Ama dik yamaçlardan Akdeniz’e bakan özgün mimarisine, göz kamaştıran masmavi denizine, yemyeşil doğasından görkemli Vezüv yanardağına kadar tüm doğal güzelliklerine ve tarihi kalıntılarına bol zaman ayırıp keyfi çıkarılması gereken bir şehir Napoli...
İtalya’nın üçüncü büyük şehri olan Napoli ve Sorrento yarımadasına gitmek için pek çok neden var. Müziği, lezzetleri ve Akdeniz mimarisi bunların başlıcaları denilebilir. Yaklaşan yaz mevsimini erken karşılama ayrıcalığı da bir başka önemli neden olabilir.
Napoli, kenti Türkiye’yi anımsatan manzaralar da içeriyor.

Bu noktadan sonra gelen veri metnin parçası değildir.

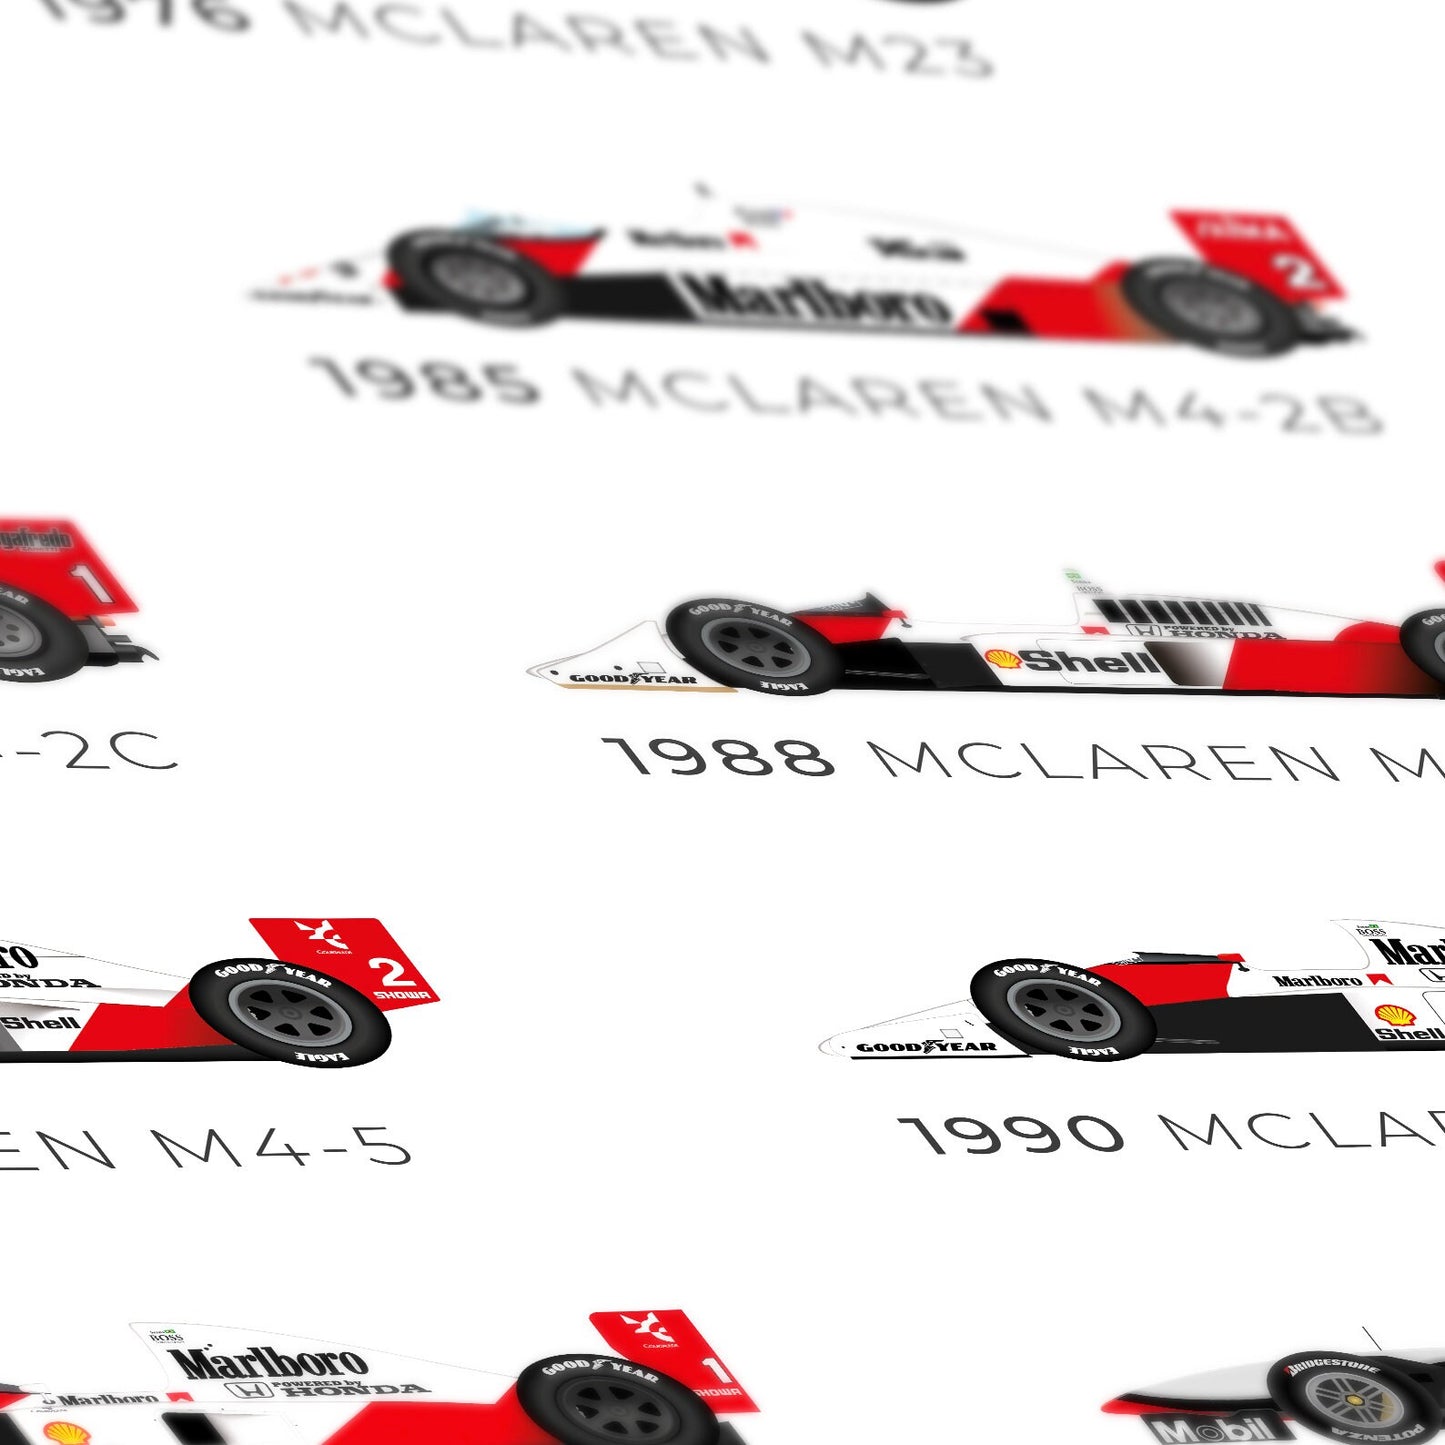 McLaren 12x World Champion

Dar sokakları, rahat insanları, pencere ve balkonlarından sarkan çamaşırları ile bize hiç de yabancı gelmiyor. Öte yandan alışveriş meraklıları için ise ayrıca çekici olabilir. Gezinizi daha çok tarih ve kültür ağırlıklı planlıyorsanız Napoli bu konuda da size iyi seçenekler sunuyor. Kraliyet sarayı, Castel Nuovo, San Carlo Operası, arkeoloji müzesi, Palazzo di Capodimonte müzesi ve şehre 30 dakika uzaklıktaki Pompei antik kenti ile bütün zamanlarınızı keyifle geçirebilirsiniz.

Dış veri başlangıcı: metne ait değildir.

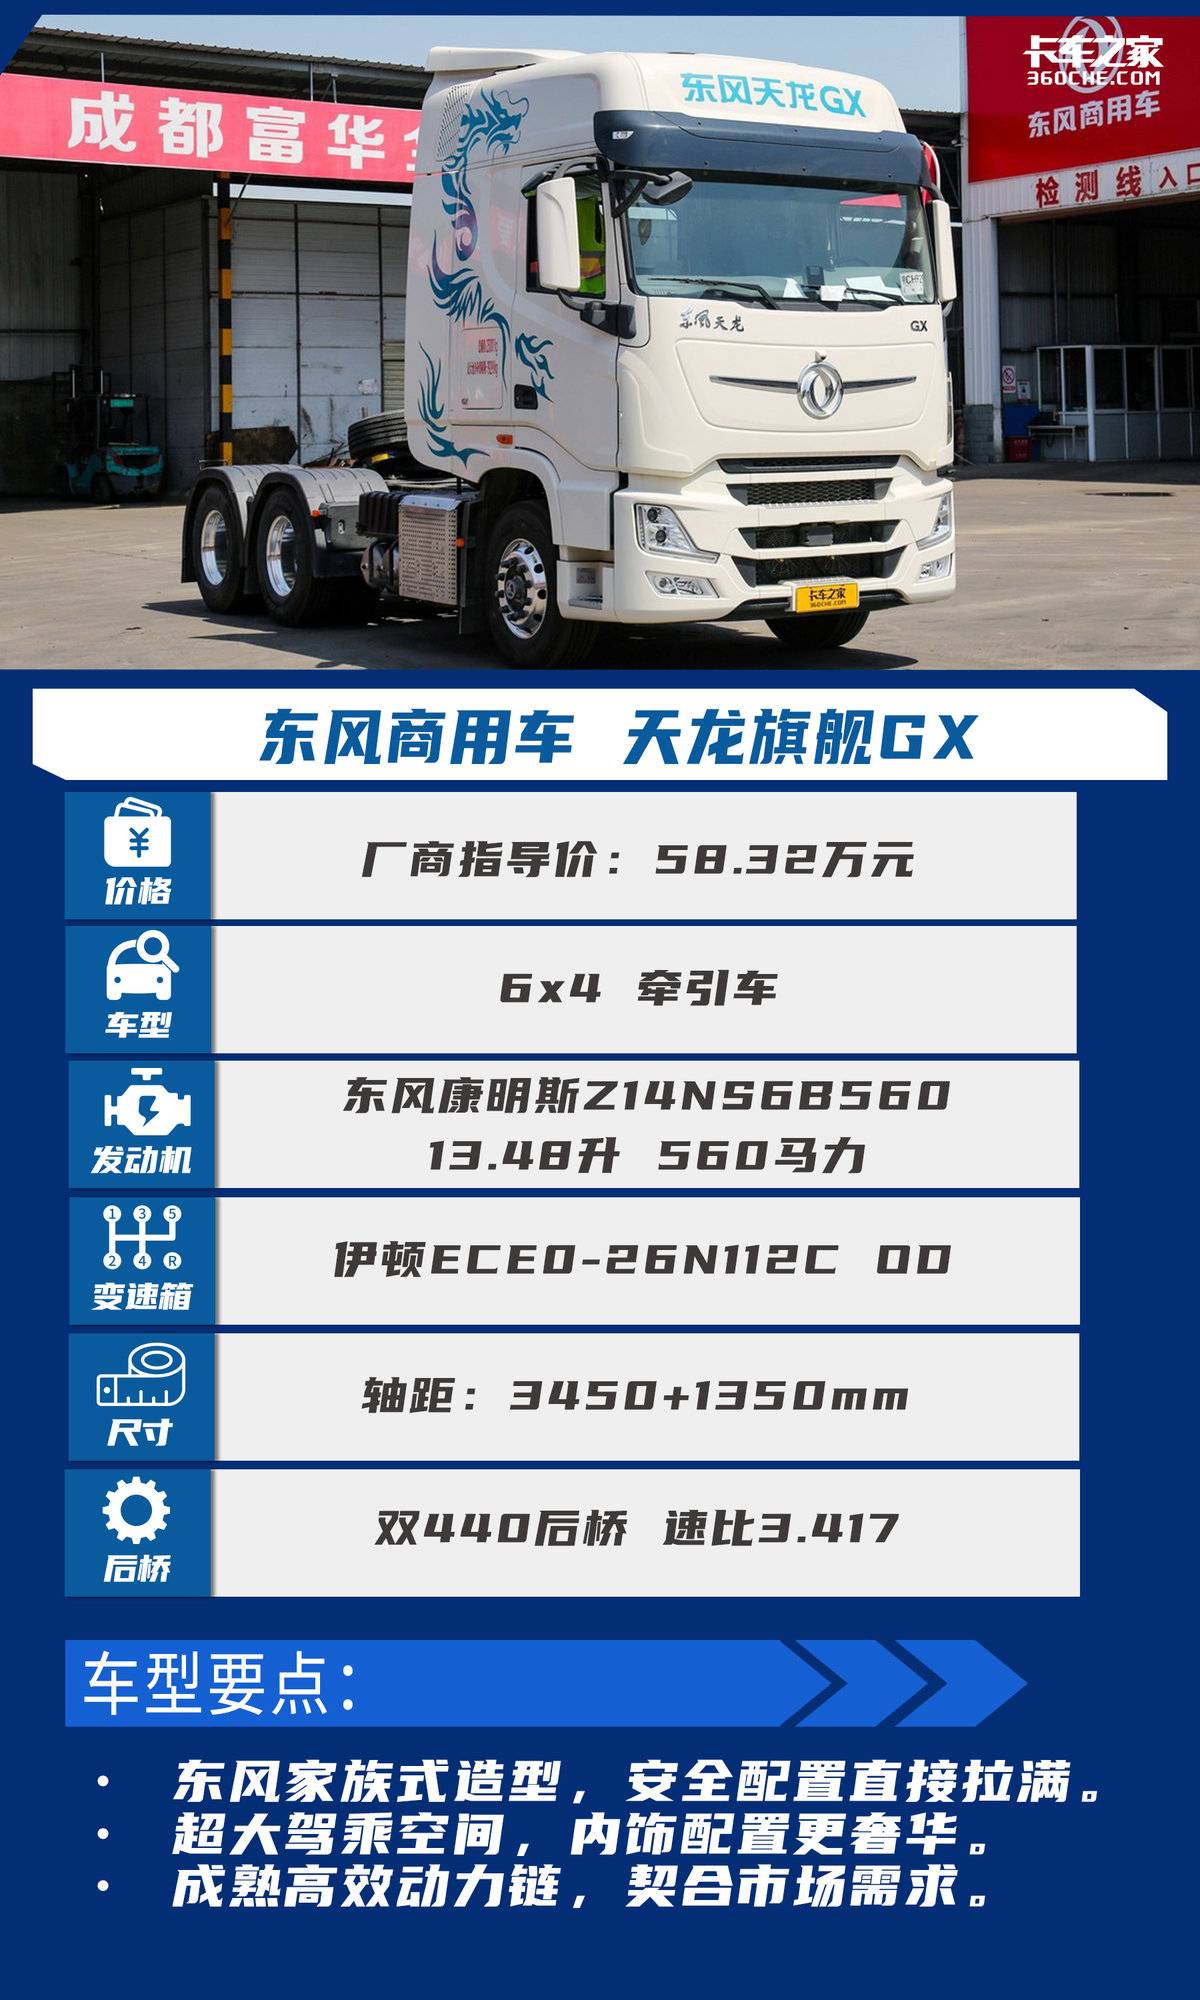 国产卡车最高战力 东风天龙GX强在哪里?

Halen aktif olan Vezüv yanardağı şehrin hemen hemen her yerinden görülebiliyor. Bu görüntü, şehre ayrı bir etkileyicilik katıyor. Ben Napoli’ye bir tam gün ayırmakla birlikte Sorrento yarımadasına ve adı kendinden büyük Capri adasına da gitmeye karar verdim. Napoli’den sırası ile Sorrento’ya, oradan Positano’ya ve ardından da yarımadanın sonuna uzanarak Amalfi’ye kadar gittim.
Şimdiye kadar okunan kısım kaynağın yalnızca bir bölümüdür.